Soviet general (1923–2019)

Makhmut Akhmetovich Gareyev (Махмут Ахметович Гареев, Мәхмүт Әхмәт улы Гәрәев; 23 June 1923 – 25 December 2019) was a Russian general and author of several books on the history of the Second World War. He served as Deputy Chief of the General Staff of the Soviet Armed Forces. Until his death, he was the president of the Russian Academy of Military Sciences.

A decorated veteran of the Second World War, he had a lifelong career in the Soviet military starting from the Junior Lieutenant in the beginning of the war and reaching general rank in the 1970s.
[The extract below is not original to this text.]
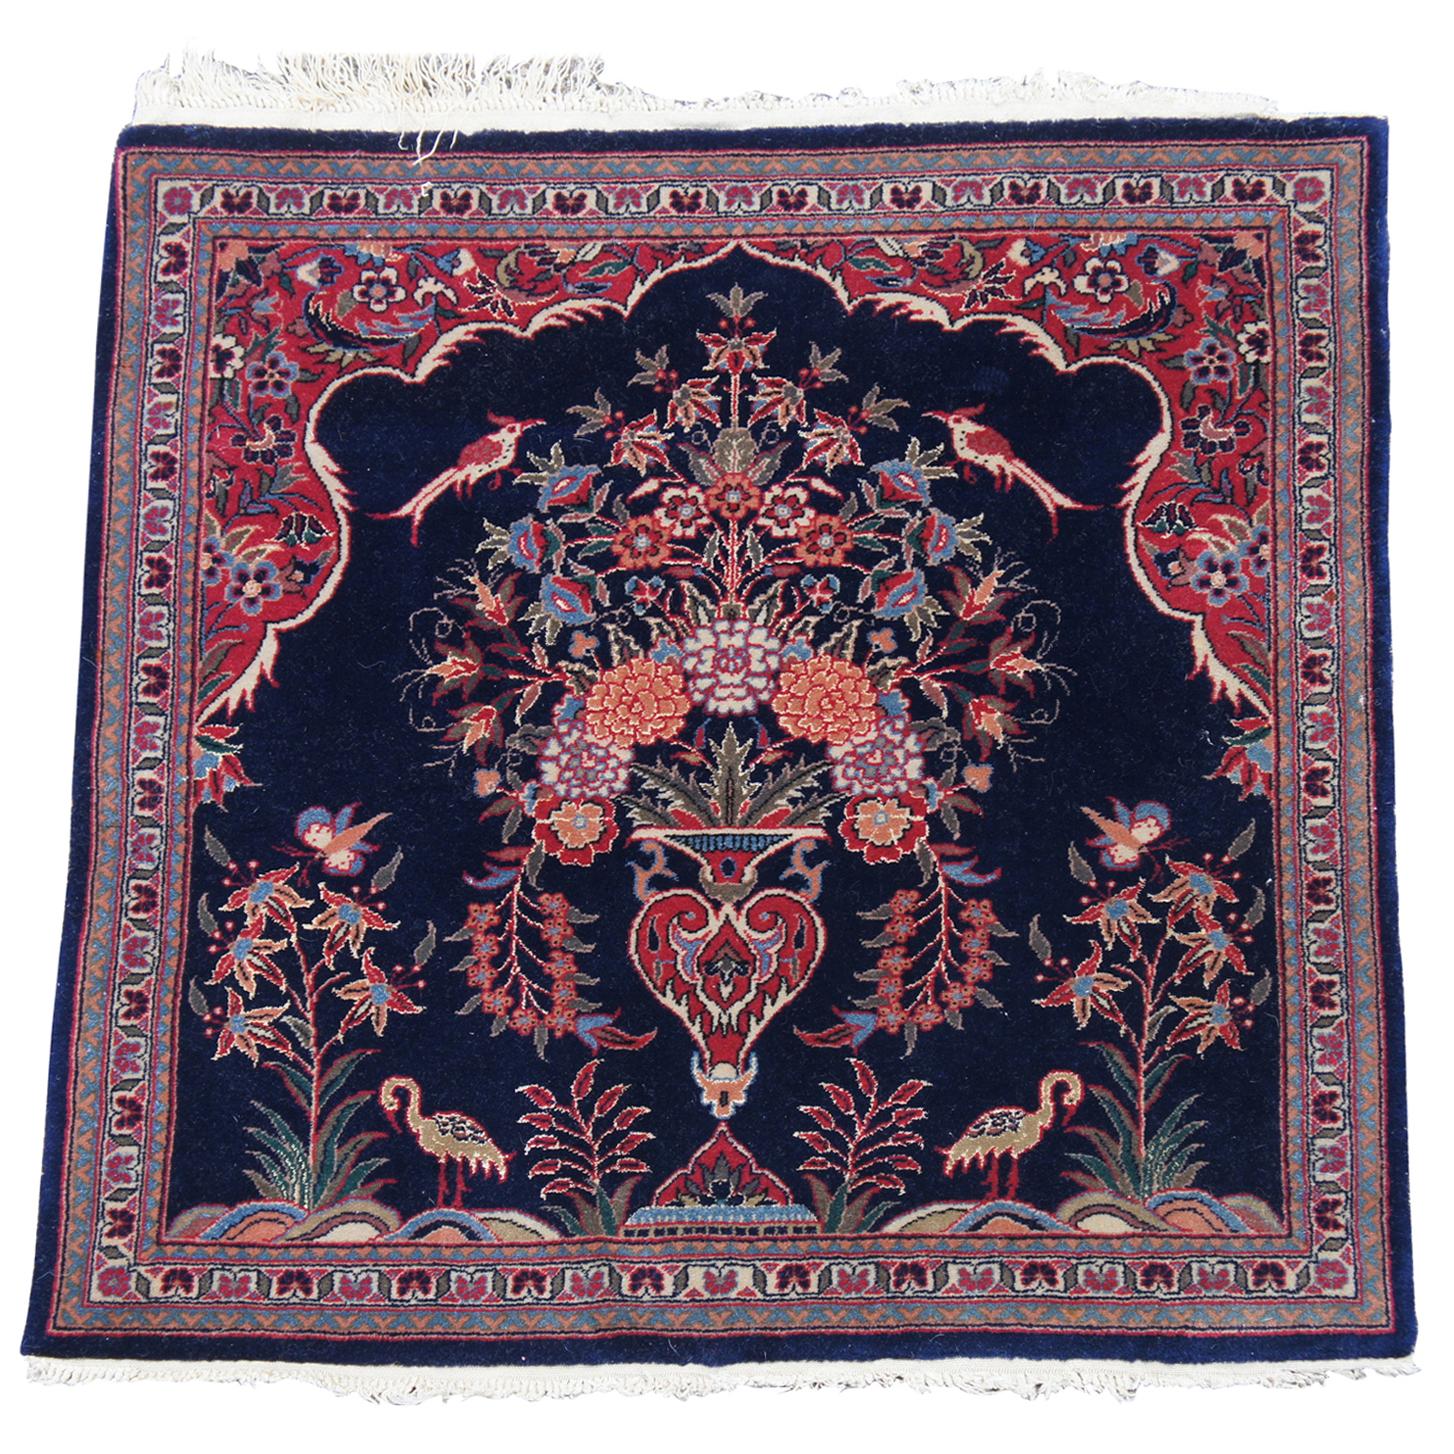 Vintage Square Persian Vase Floral Bird & Butterfly Area Rug Carpet Mat Urn

His positions also included serving as the military adviser to Egypt under Anwar Sadat in the 1970s and Afghanistan under then Afghan President Mohammad Najibullah from 1989 to 1991.

Gareev served as an editor-in-chief and authored a few books himself.

In September 2015, Chinese President Xi Jinping awarded Gareev the Medal of Honor for his contribution in the 1945 Battle of Mutanchiang that liberated Mudanjiang in Northeastern China from the Empire of Japan.

==Early life==

Gareev was born in Chelyabinsk, the child of ethnic Tatars originally from the Chimshin region of Bashkiria. His father Akhmat Gareev was an industrial worker and his mother, Rahema was a housewife. The family also lived in Central Asia.

Gareev joined the Red Army in 1939 as a volunteer and graduated from the Tashkent Infantry School in 1941. He was initially posted to an infantry unit in the Turkestan Military District.

==World War II==

Gareev was transferred to the Western Front in November 1942 and fought as an infantry officer in the Battle of Rzhev where he was wounded. Gareev was subsequently promoted to a deputy commander of an infantry battalion and a staff officer of the 45th Rifle Corps. Gareev was wounded in the head in 1944 in Belorussia.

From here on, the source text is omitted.